Bridging loan activity hits £150m in Q2

Bridging loan activity hits £150m in Q2

According to the latest data and analysis from Bridging Trends, during the second quarter of 2017, bridging loan activity peaked to £150.1m.

The figures show a 26% increase on first quarter gross lending and the highest level since Bridging Trends launched.
 
Activity during the second quarter of 2017 rocketed as bridging lenders brushed off potential volatility from Brexit and the UK general election to fulfil borrowers funding needs and fill a liquidity gap left by mainstream lenders.

However, average Loan-To-Value (LTV) levels dropped to a new low of 45.4% during Q2 2017, the lowest level since Q1 2015 as borrowers and lenders both took a more conservative approach.  Average monthly interest rates rose for the second consecutive month to 0.84%, from 0.83% in the previous quarter, but were lower than 0.88% during Q2 2016.

Refurbishments were the most popular reason for obtaining a bridging loan in Q2 2017, contributing to 27% of all lending as borrowers added value to existing and newly purchased properties. Mortgage delays were the second most popular reason for getting a bridging loan at 25%. This is the first time since Q1 2015 that mortgage delays were not the most popular reason for obtaining bridging finance.

Unregulated bridging loans accounted for 53.9% of lending in Q2 2017, compared to 49.3% in Q1 2017, reversing the 1st quarter blip where regulated loans exceeded unregulated loans. Aside from Q1 2017, unregulated loans have dominated the landscape, since Bridging Trends started.

The average completion time of a bridging loan application decreased by 11 days in the second quarter to 39 days, compared to 50 days in the first quarter.  This is consistent with the increase in unregulated activity, which typically has faster processing times.

Second legal charge lending increased to 17.2% of all loans during Q2 2017, up from 13.4% in Q1 2017, 16% in Q2 2016 and 14.9% in Q2 2015.

The average term of a bridging loan was 11 months during the second quarter, down from 12 months in the previous quarter.


Joshua Elash, director of bridging finance lender mtf, comments: “Demand for specialist finance remains strong. Notwithstanding a slight increase in the average monthly cost of credit to the consumer, which is up for the 2nd consecutive quarter.  Most interesting however, for the first time since reporting began, mortgage delays are not the most popular use of a bridging finance loan, having been replaced by refurbishment. Whilst it is too early to form any conclusions this may be indicative of a shift in the market, coming off the back of recent increases in stamp duties, and the changes to tax relief on buy to let property, more investors in this quarter focused on adding value to their existing investment properties.”

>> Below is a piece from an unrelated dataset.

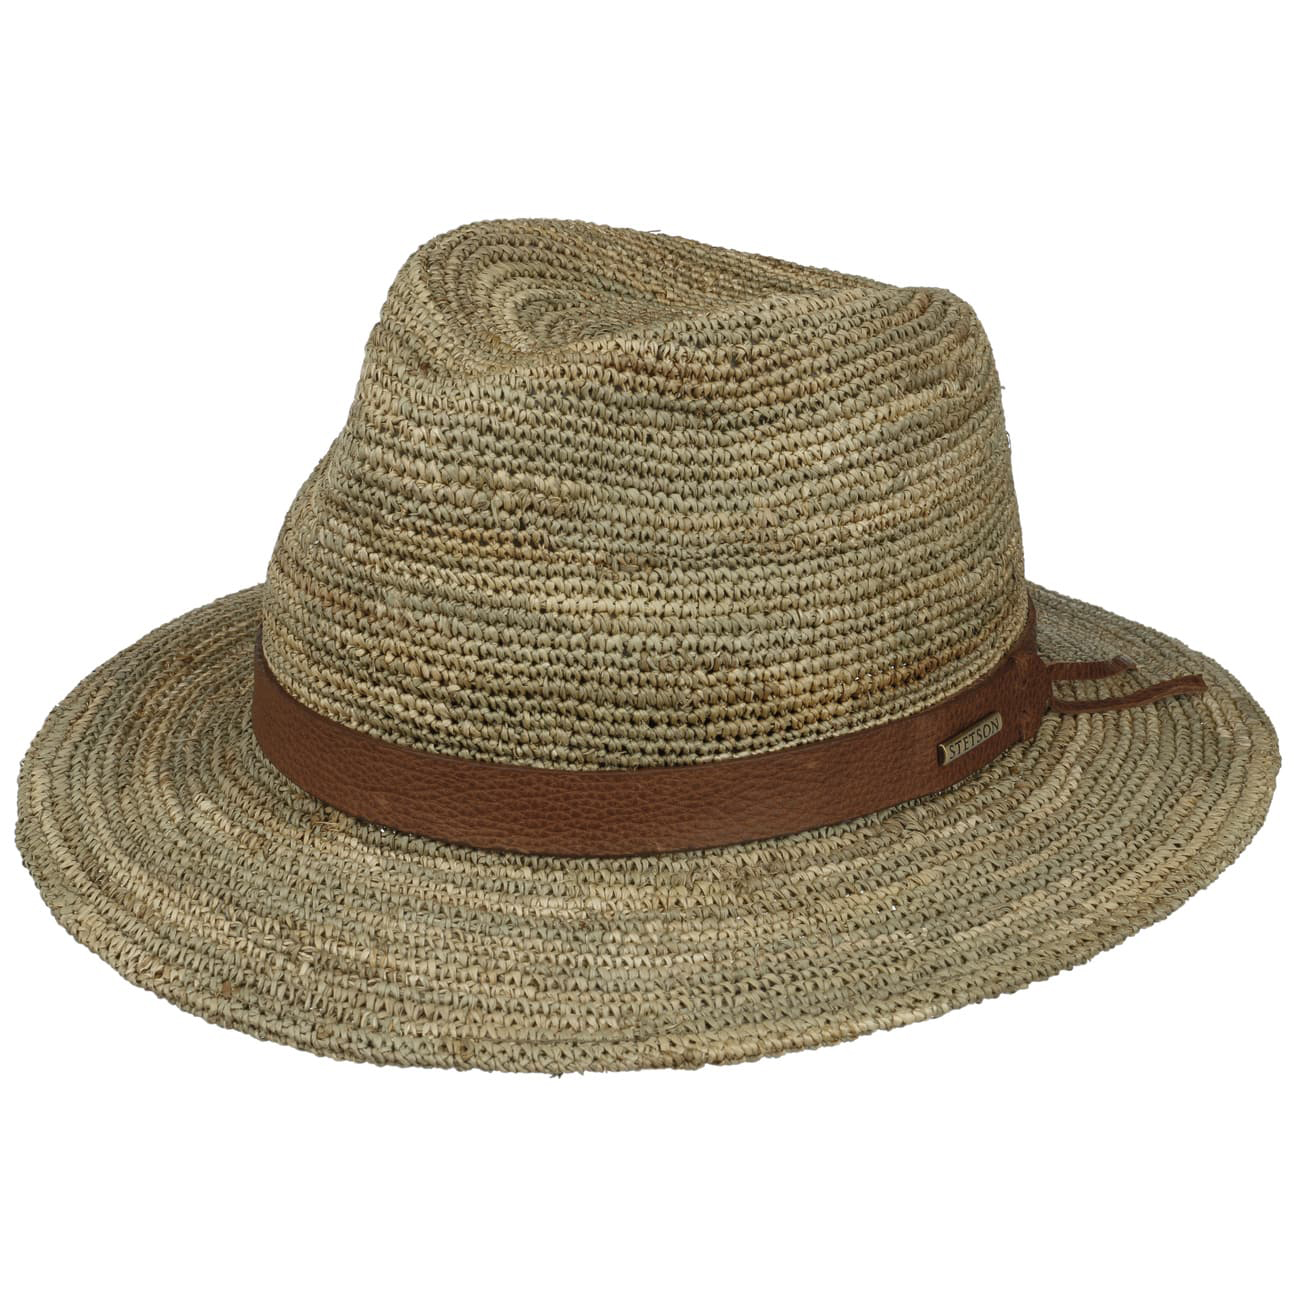 Stetson---Crochet-Seagrass-Traveller-Hat---Natural1

Paul McGonigle, Chief Executive of Positive Lending, comments: “I am not surprised that the report shows increased lending figures, particularly in the non-regulated refurbishment market. Brexit concerns appear to restrict some lenders where higher lending refurbishments on larger value stock are required.  

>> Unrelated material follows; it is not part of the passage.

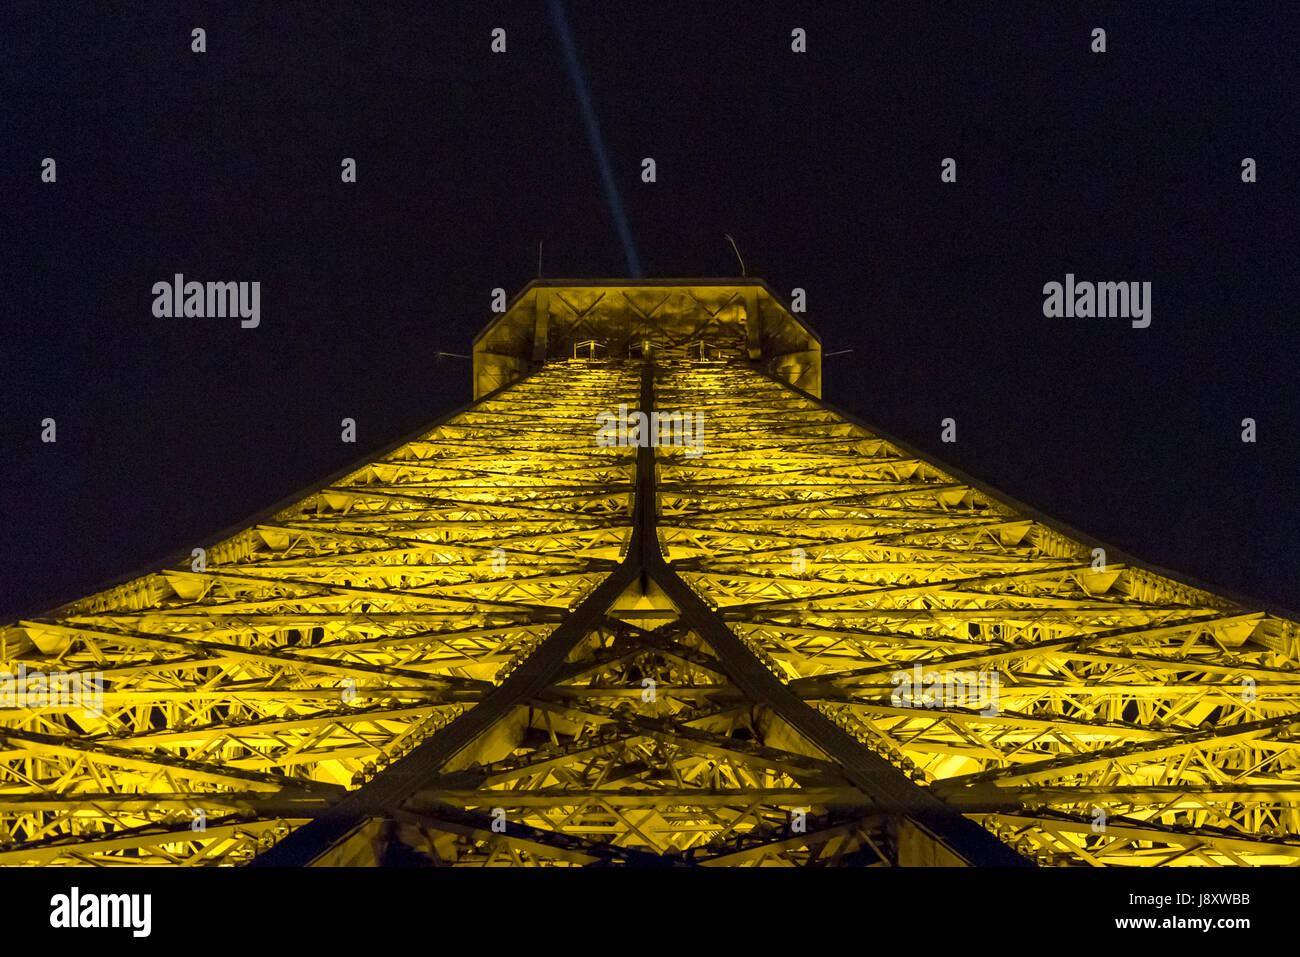 Eiffel Tower illuminated at night Stock Photo

This has certainly been the growth area for Positive Lending, and whilst this reflects in the bridging sector too, with some lenders, there are others that have the experience and appetite to assist.  These tend to be shorter term lends than the report suggests but would also suggest that the riskier loan carries a weighted rate.  If we analyse our business split away from this sector, the rate would drop significantly to an average of 0.68%.”

Chris Borwick, Director at SPF Short Term Finance (SPF), comments: ‘’Despite Theresa May’s announcement back in April that there would be a snap general election on 8th June, any uncertainty in the run up to it did not ripple through to the bridging world. This is evident in the figures we are seeing today, including the whopping £18.64m increase of lending on the first quarter of this year. The report as a whole re-iterates the fact that the bridging market is going from strength to strength, with an increasing number of lenders coming to the fore with innovative products, as well as customers being made more aware of its uses and benefits.’’

Chris Whitney, Head of Specialist Lending at Enness Private Clients, comments: "Although lending volumes are up on the previous quarter, the level of gearing still remains very modest and even down on the previous results. I think this evidences to critics who have said that the industry is using irresponsible lending practices and that gearing is available at levels that are too high, simply isn’t true. A majority, if not all this type of lending is also at interest rates fixed at outset so the borrower knows exactly where they stand.

Second charges are increasingly popular as borrowers want to hold on to historic low rate deals but can’t get the same lender to provide further advances. I think we have seen rates fall in the second charge market and lenders, such as Castle Trust, with specific products for this.

I believe the short-term lending industry will see increasing levels of refurbishment (light, heavy and full development). We are seeing an increasing trend of clients ‘bridging’ a transaction and then instead of moving the loan away, they are preferring to stay with the same lender to do the works based on the efficient and timely service they have received from the lender on the initial loan, even though the rates are higher than the high street names that continue to fall short of client needs and expectations.

I am pleased to see longer terms prevailing. In the recent past, we have seen too much ‘re-bridging.’"

Kit Thompson, Director – Short Term Lending & Development at Brightstar, comments:  "Great to see the highest lending figure since reporting started in Q1 2015, which is fantastic news for the sector, which continues to grow in size with continuing high demand for short-term funds.

With the initial shock of Brexit last year and the General Election done, the market continues to thrive. The shift in use of funds from mortgage delays to refurbishment is not a surprise, as home-movers are most likely to be cautious when considering a house move at this time, with many parts of the country experiencing static house prices currently and concerns over buying at the peak of the market.

However, property professionals realise there are still some great property deals out there, especially when looking to increase the value of the asset via refurbishment. At Brightstar we have seen an increase in applications involving renovation and refurbishment and a huge increase in demand for development finance as well.  

Great to see the completion time dropped down to 39-day average, which I think is as a result of more non-regulated transactions. It tends to be the regulated bridging loans that caused this figure to increase in the past as the transaction was linked to property chains which take time. The property professional is usually looking to get the deal done fast and move on to the next project, so we would expect completion times to fall as unregulated loans increase."